__TASK DIRECTIONS__.
Apart from the pictures, everything in the lines below must be printed exactly.

__DATA SHOWN__.
%%

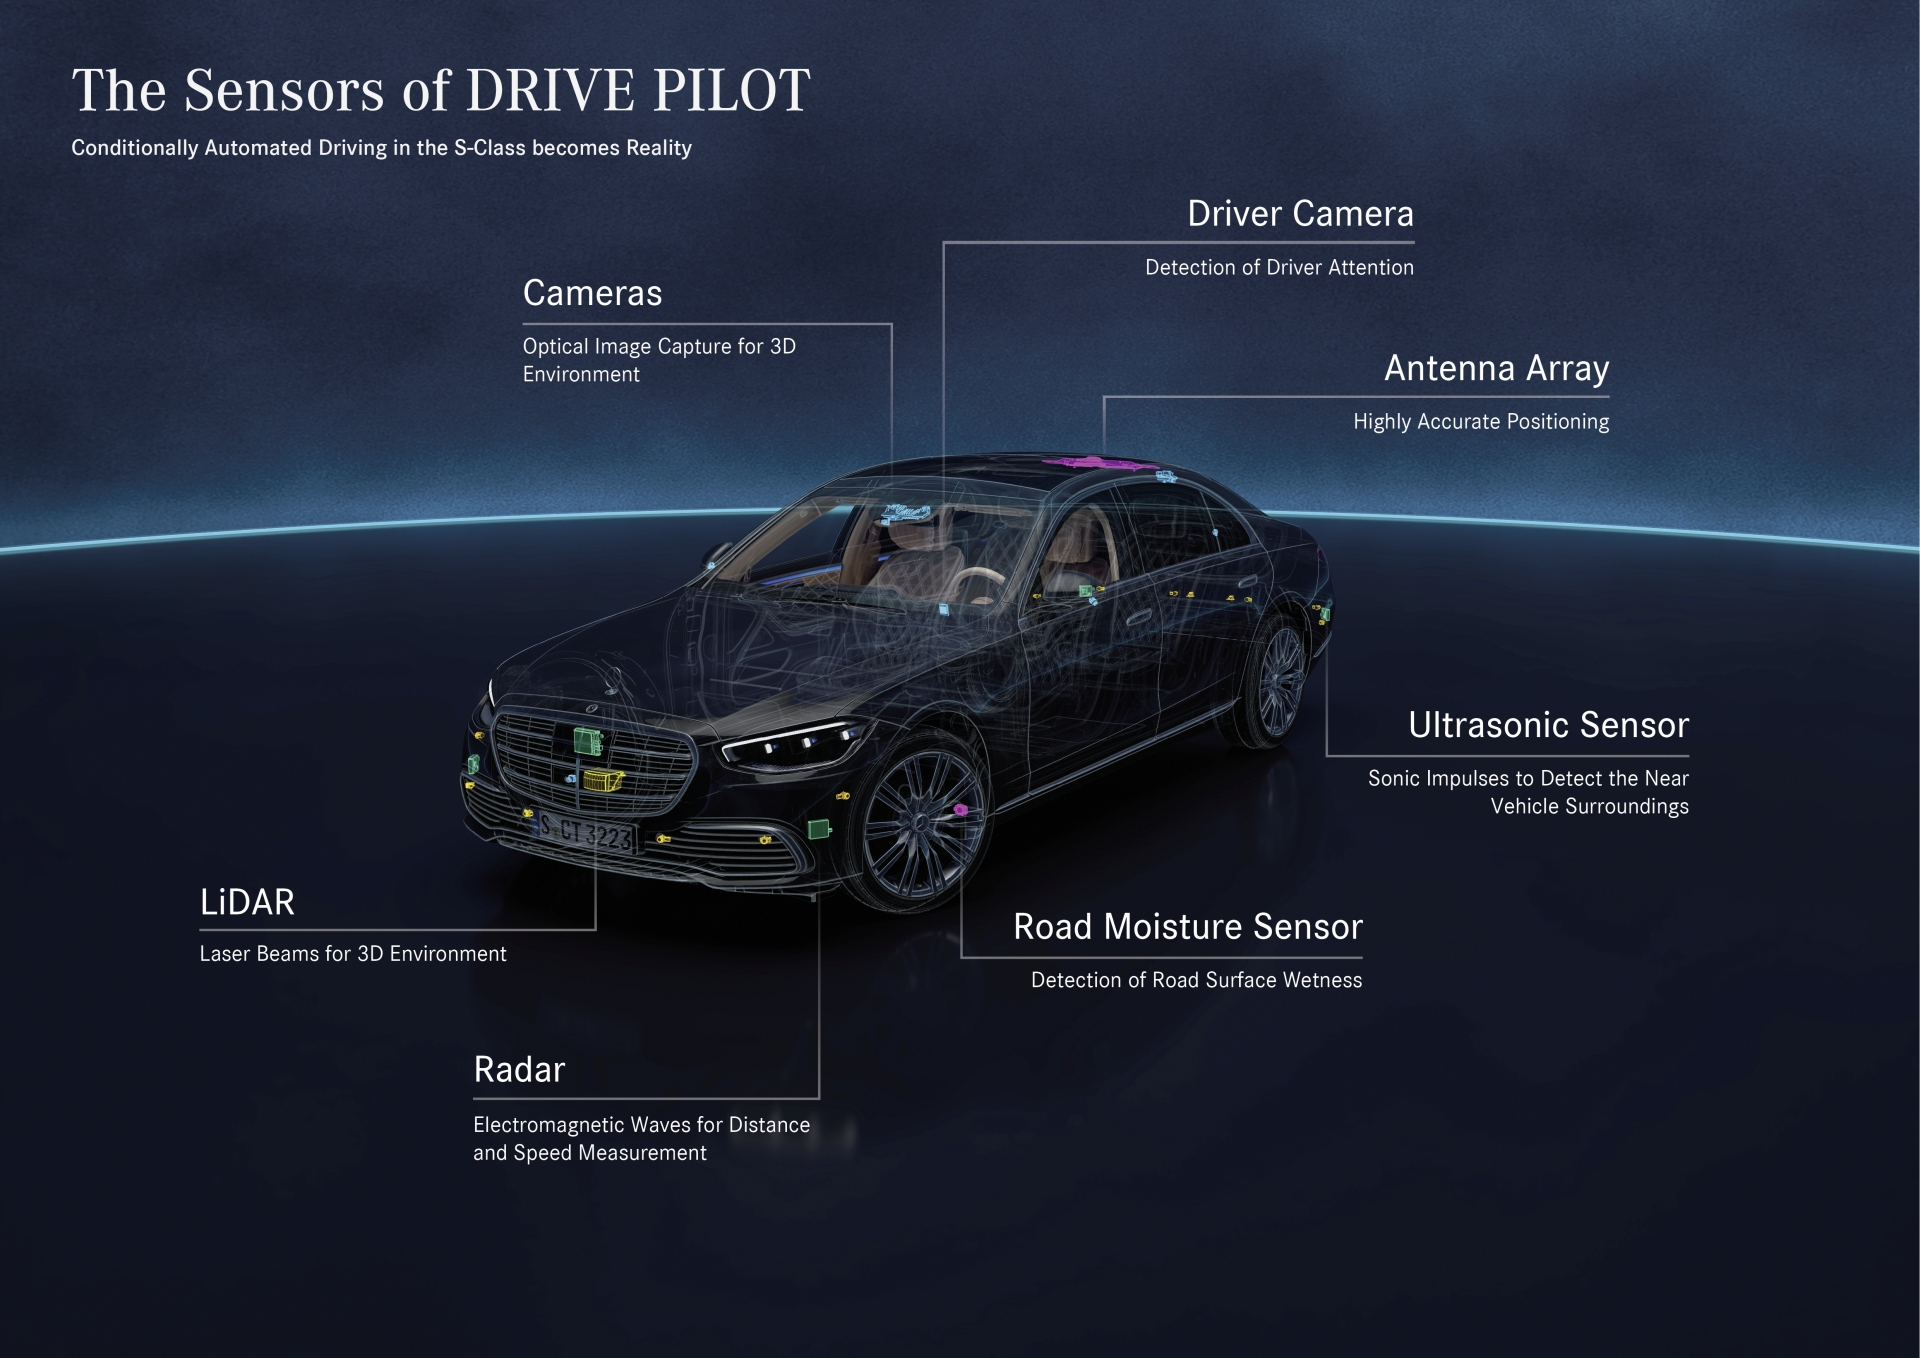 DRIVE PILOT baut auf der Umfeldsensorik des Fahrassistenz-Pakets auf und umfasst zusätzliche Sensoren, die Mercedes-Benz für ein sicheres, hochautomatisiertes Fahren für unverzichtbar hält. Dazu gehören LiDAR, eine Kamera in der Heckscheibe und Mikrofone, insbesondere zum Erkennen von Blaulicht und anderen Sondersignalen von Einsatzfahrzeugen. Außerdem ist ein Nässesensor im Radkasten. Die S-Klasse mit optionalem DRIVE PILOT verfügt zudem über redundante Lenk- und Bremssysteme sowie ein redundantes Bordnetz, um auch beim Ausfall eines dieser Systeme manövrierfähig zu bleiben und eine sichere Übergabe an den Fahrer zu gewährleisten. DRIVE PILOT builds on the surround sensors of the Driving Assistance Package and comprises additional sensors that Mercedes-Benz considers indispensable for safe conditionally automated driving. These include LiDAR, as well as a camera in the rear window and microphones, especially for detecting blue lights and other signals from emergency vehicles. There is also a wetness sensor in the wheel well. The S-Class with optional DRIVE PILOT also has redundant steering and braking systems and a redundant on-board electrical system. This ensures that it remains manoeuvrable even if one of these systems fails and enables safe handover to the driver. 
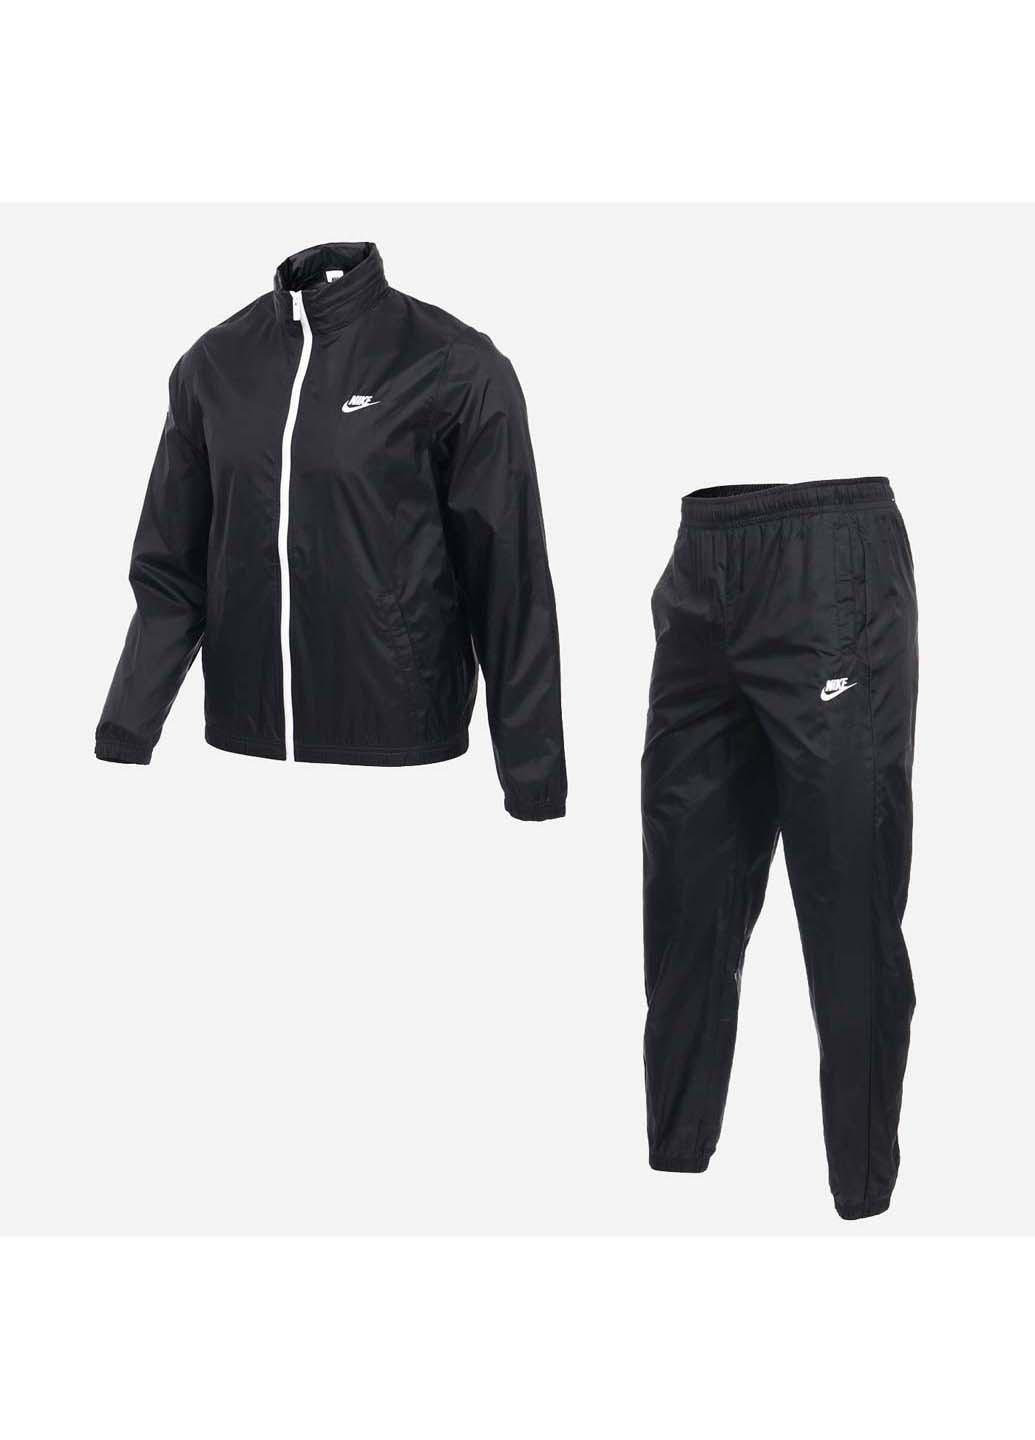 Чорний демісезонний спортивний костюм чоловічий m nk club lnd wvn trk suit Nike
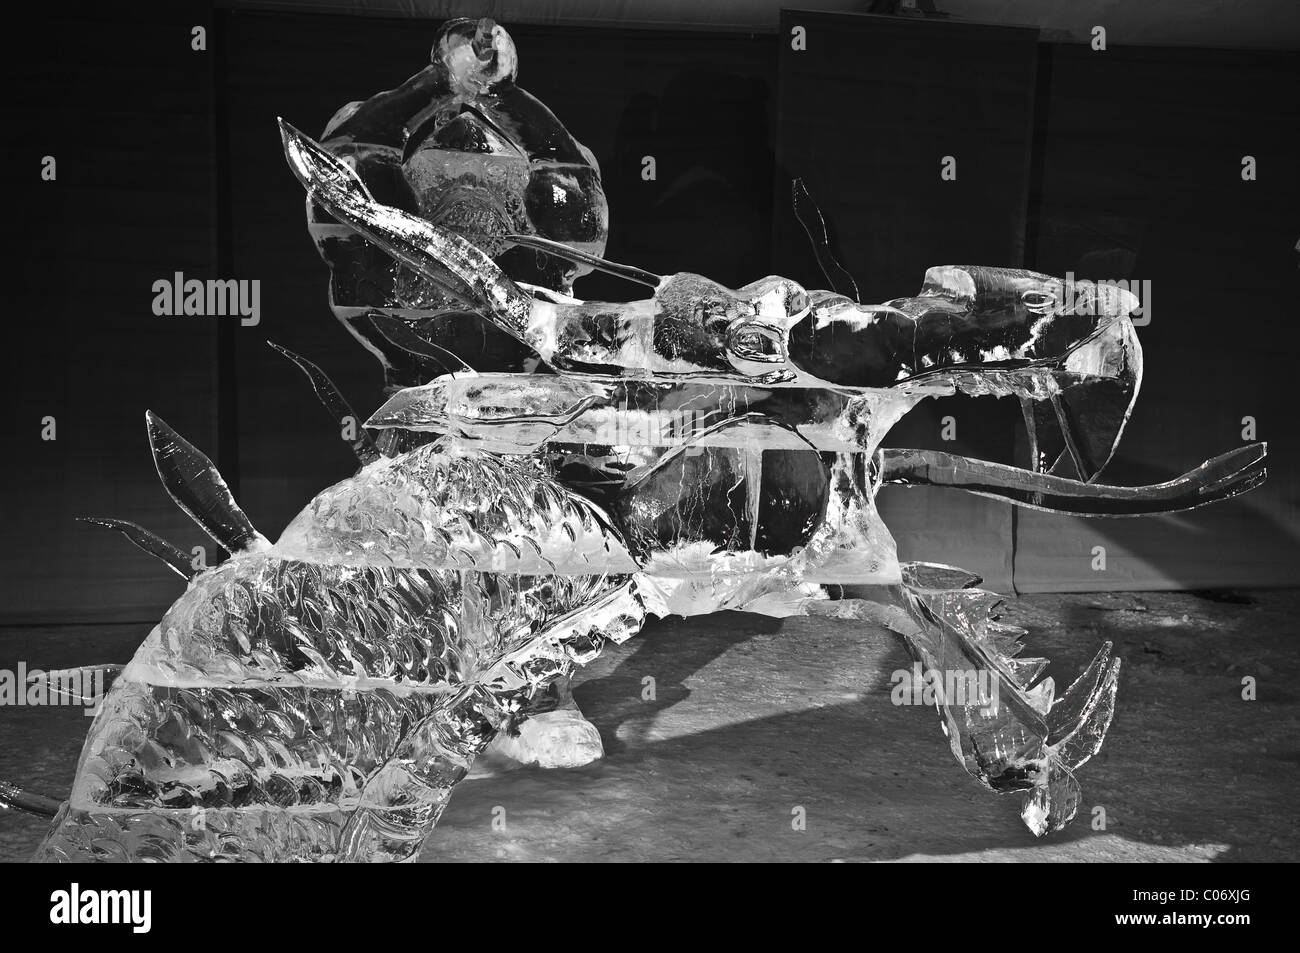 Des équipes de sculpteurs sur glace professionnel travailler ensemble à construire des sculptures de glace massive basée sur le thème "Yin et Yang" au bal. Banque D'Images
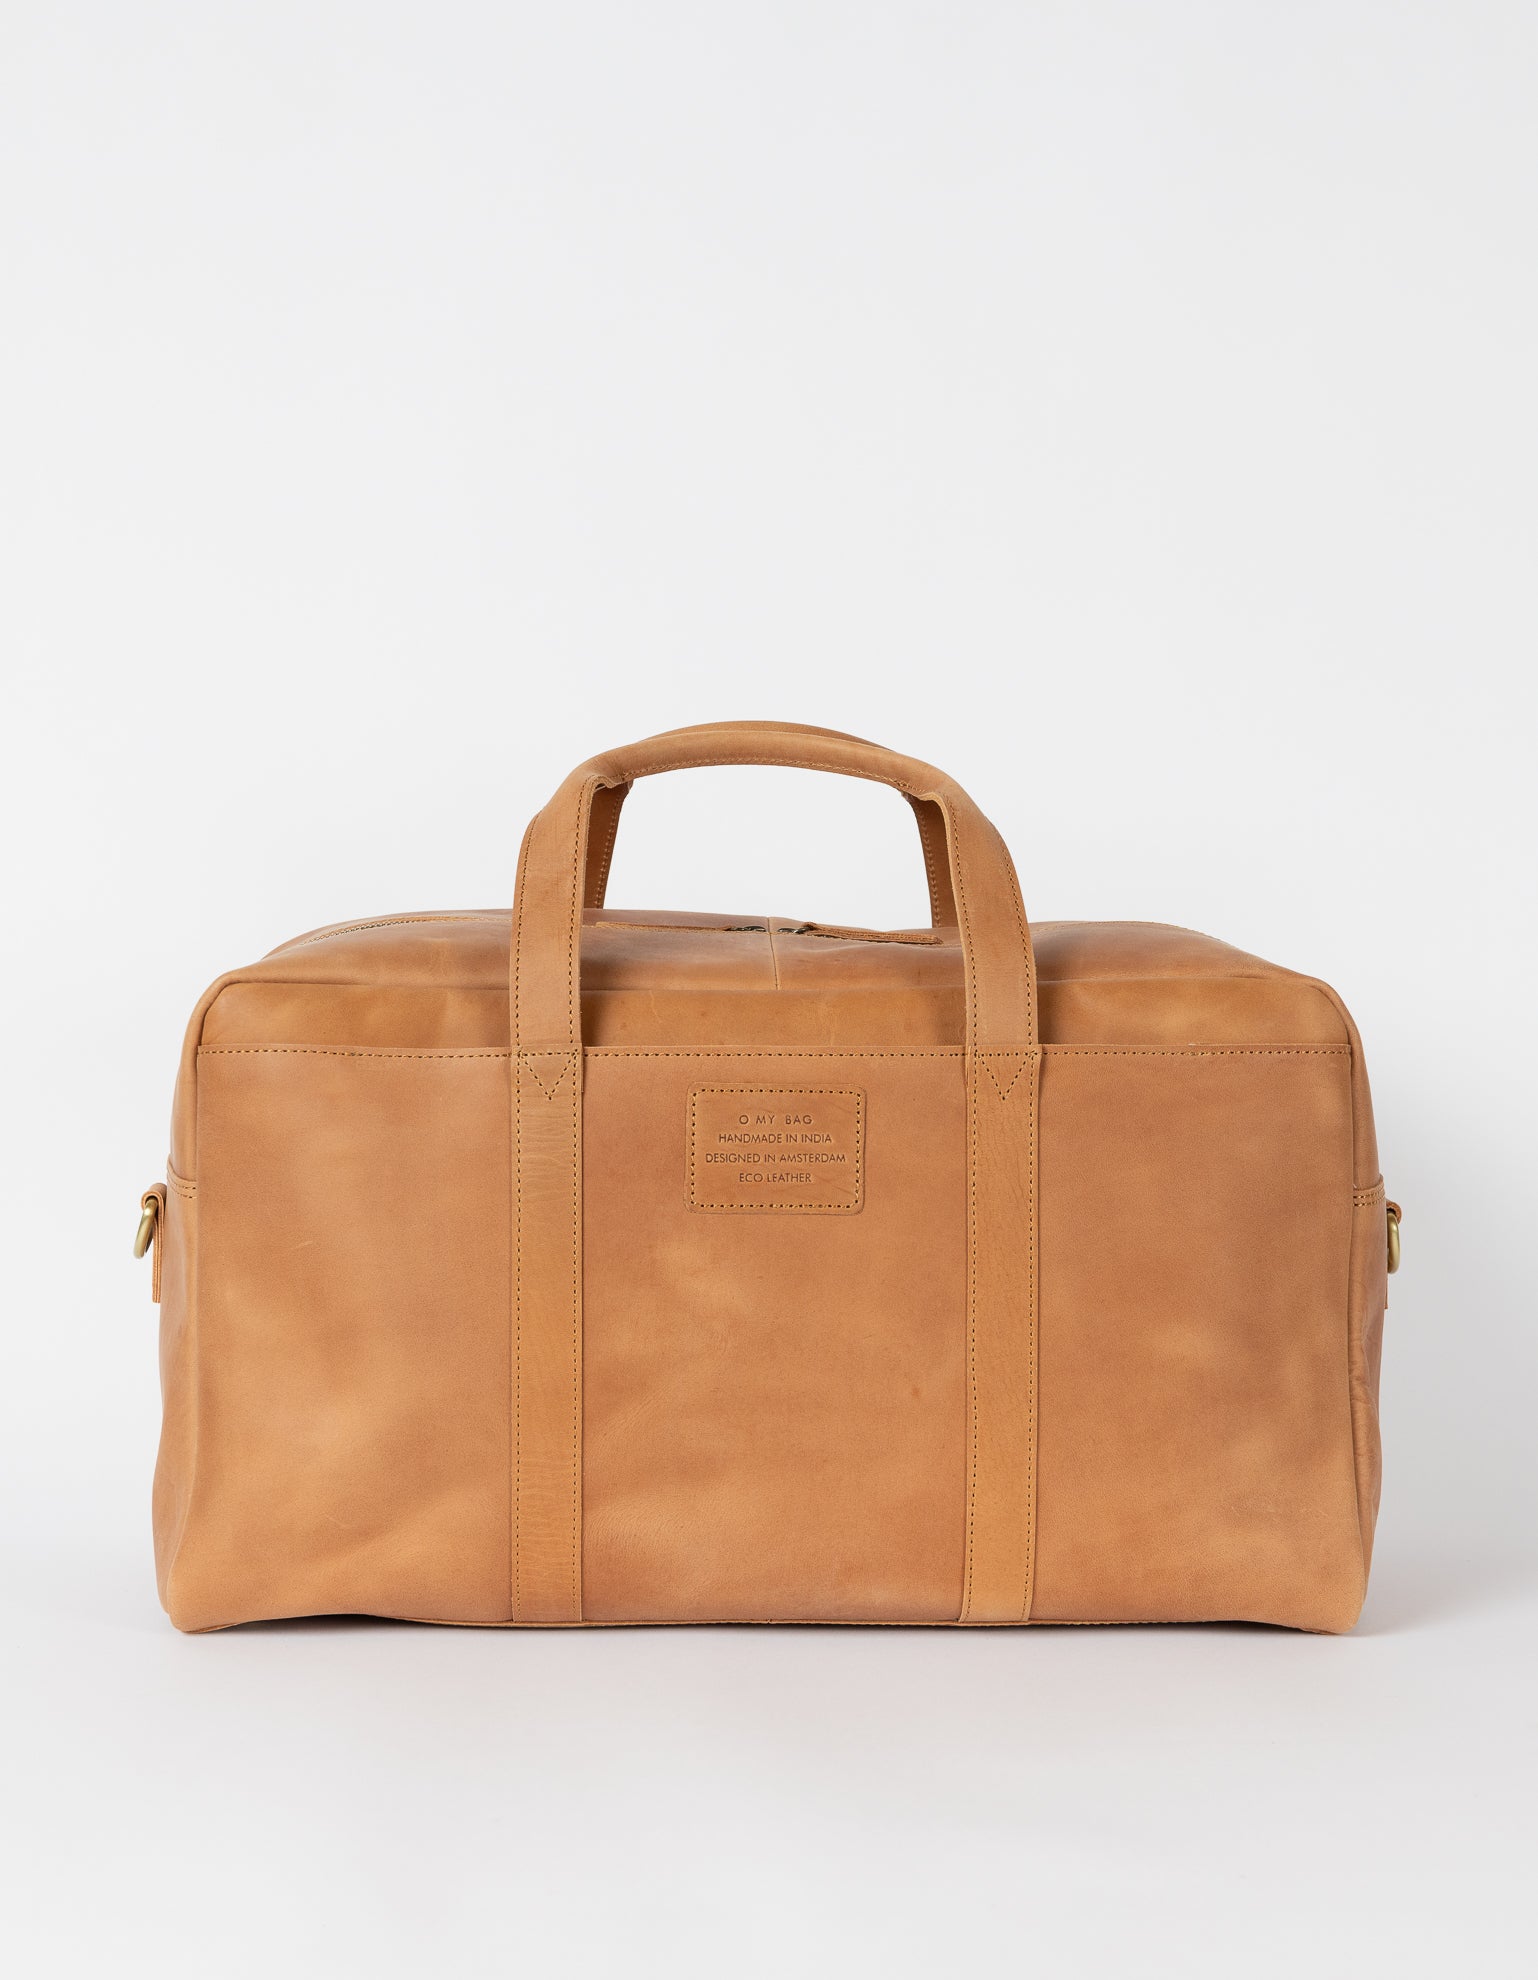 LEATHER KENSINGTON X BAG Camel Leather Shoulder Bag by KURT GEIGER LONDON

%%

__RESPONSE AREA__.
 DRIVE PILOT baut auf der Umfeldsensorik des Fahrassistenz-Pakets auf und umfasst zusätzliche Sensoren, die Mercedes-Benz für ein sicheres, hochautomatisiertes Fahren für unverzichtbar hält. Dazu gehören LiDAR, eine Kamera in der Heckscheibe und Mikrofone, insbesondere zum Erkennen von Blaulicht und anderen Sondersignalen von Einsatzfahrzeugen. Außerdem ist ein Nässesensor im Radkasten. Die S-Klasse mit optionalem DRIVE PILOT verfügt zudem über redundante Lenk- und Bremssysteme sowie ein redundantes Bordnetz, um auch beim Ausfall eines dieser Systeme manövrierfähig zu bleiben und eine sichere Übergabe an den Fahrer zu gewährleisten. DRIVE PILOT builds on the surround sensors of the Driving Assistance Package and comprises additional sensors that Mercedes-Benz considers indispensable for safe conditionally automated driving. These include LiDAR, as well as a camera in the rear window and microphones, especially for detecting blue lights and other signals from emergency vehicles. There is also a wetness sensor in the wheel well. The S-Class with optional DRIVE PILOT also has redundant steering and braking systems and a redundant on-board electrical system. This ensures that it remains manoeuvrable even if one of these systems fails and enables safe handover to the driver. 
 Чорний демісезонний спортивний костюм чоловічий m nk club lnd wvn trk suit Nike
 Des équipes de sculpteurs sur glace professionnel travailler ensemble à construire des sculptures de glace massive basée sur le thème "Yin et Yang" au bal. Banque D'Images
 LEATHER KENSINGTON X BAG Camel Leather Shoulder Bag by KURT GEIGER LONDON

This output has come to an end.